Aceptó las disculpas y salió fugazmente para su casa.
Antes de llegar, un caballo perdido en la noche corría alocado y se estrelló ante su encorvada figura, dejándola muerta al instante. Muriendo con ella todo el desdén desorbitado de un caserío costanero que se carcomía en el chisme.
Llegó el viernes santo, a las 3.00 de la tarde Benjamín Villamizar falleció de muerte natural.
El loro pegó un estrepitoso vuelo hasta perderse en el horizonte. Esa noche no llegó el Yacabó con su canto de muerte y en su reemplazó una bandada de golondrinas se anidaron en los almendros. Los frutos del frondoso mamón caían en gajos, y su dulzor sirvieron para repartir en el velorio chicha y dulce con galletas.
En medio del velorio apareció nuevamente el loro, estrellándose ante el cajón de su amo.
Esa noche de viernes santo no se volvió a escuchar a los muertos hablar. La maldición de la susodicha esotérica había llegado a su fin.

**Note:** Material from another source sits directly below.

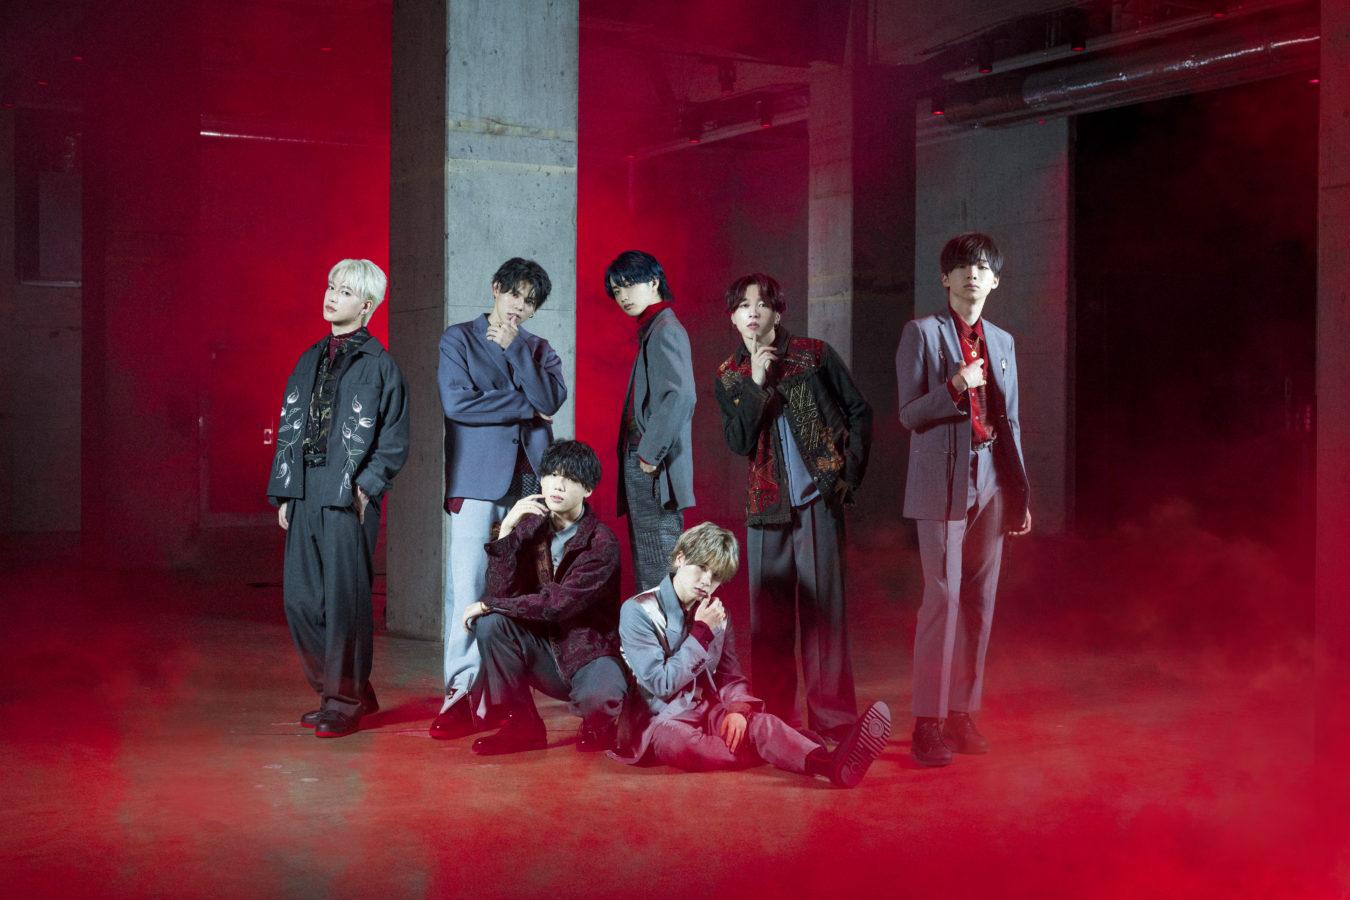 SOTA、SHUNTO、MANATO、RYUHEI、JUNON、RYOKI、LEOの7人組ダンス&ボーカルユニット、BE:FIRST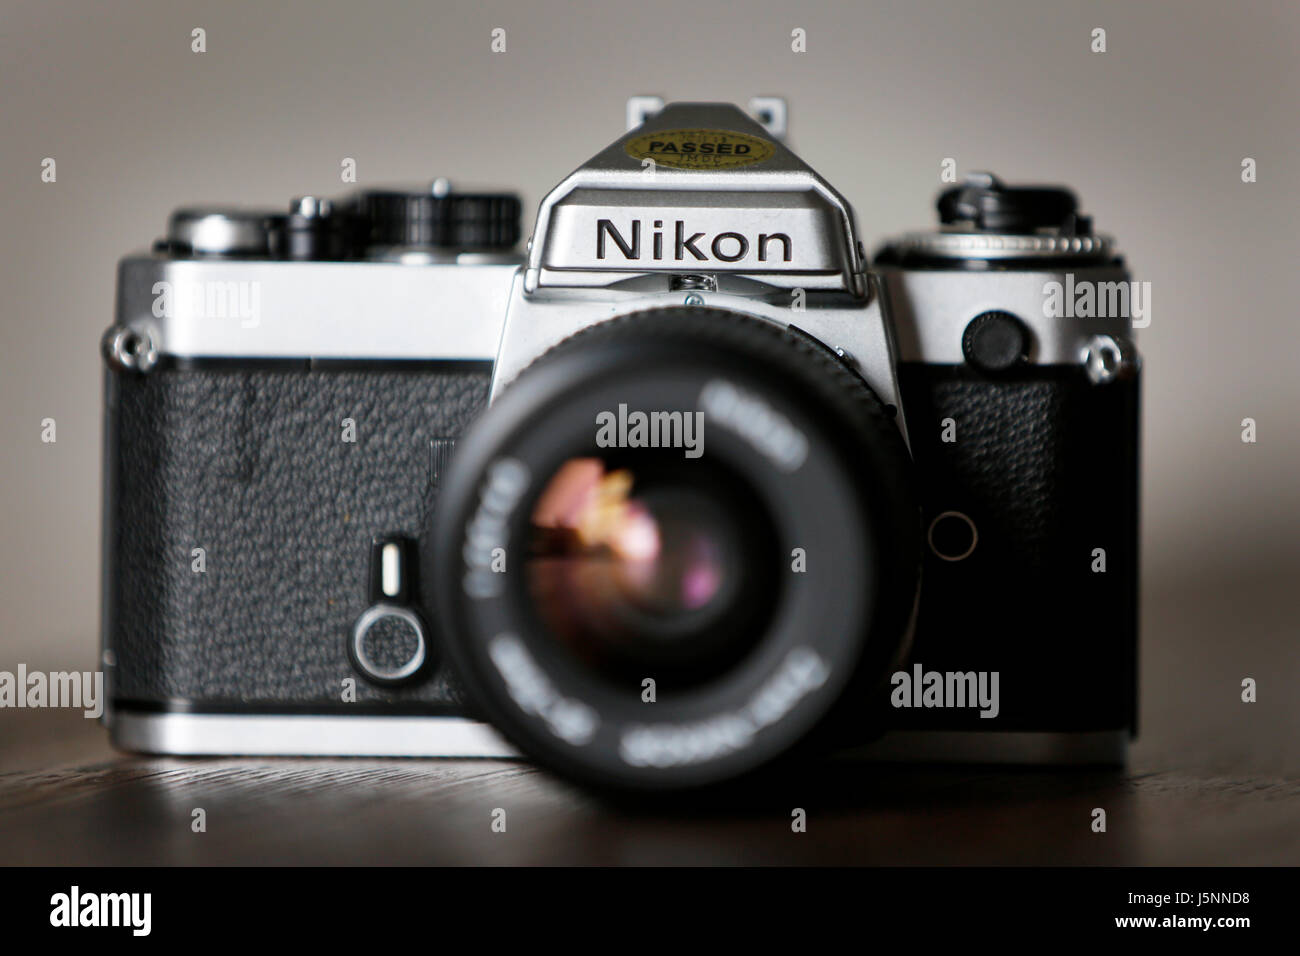 Vintage Nikon FE Single Lens Reflex 35mm Film Camera - Stock Image

Los viernes santos, el diablo recibe una paliza, así decían las abuelas rezanderas.
Benjamín fue sepultado debajo de los almendros junto al loro y al resto de sus familiares difuntos.
Los herederos donaron la casa campestre a la Iglesia y fue convertida en un cementerio.
La historia comenzó un viernes de cuaresma y terminó cien años después, un viernes santo.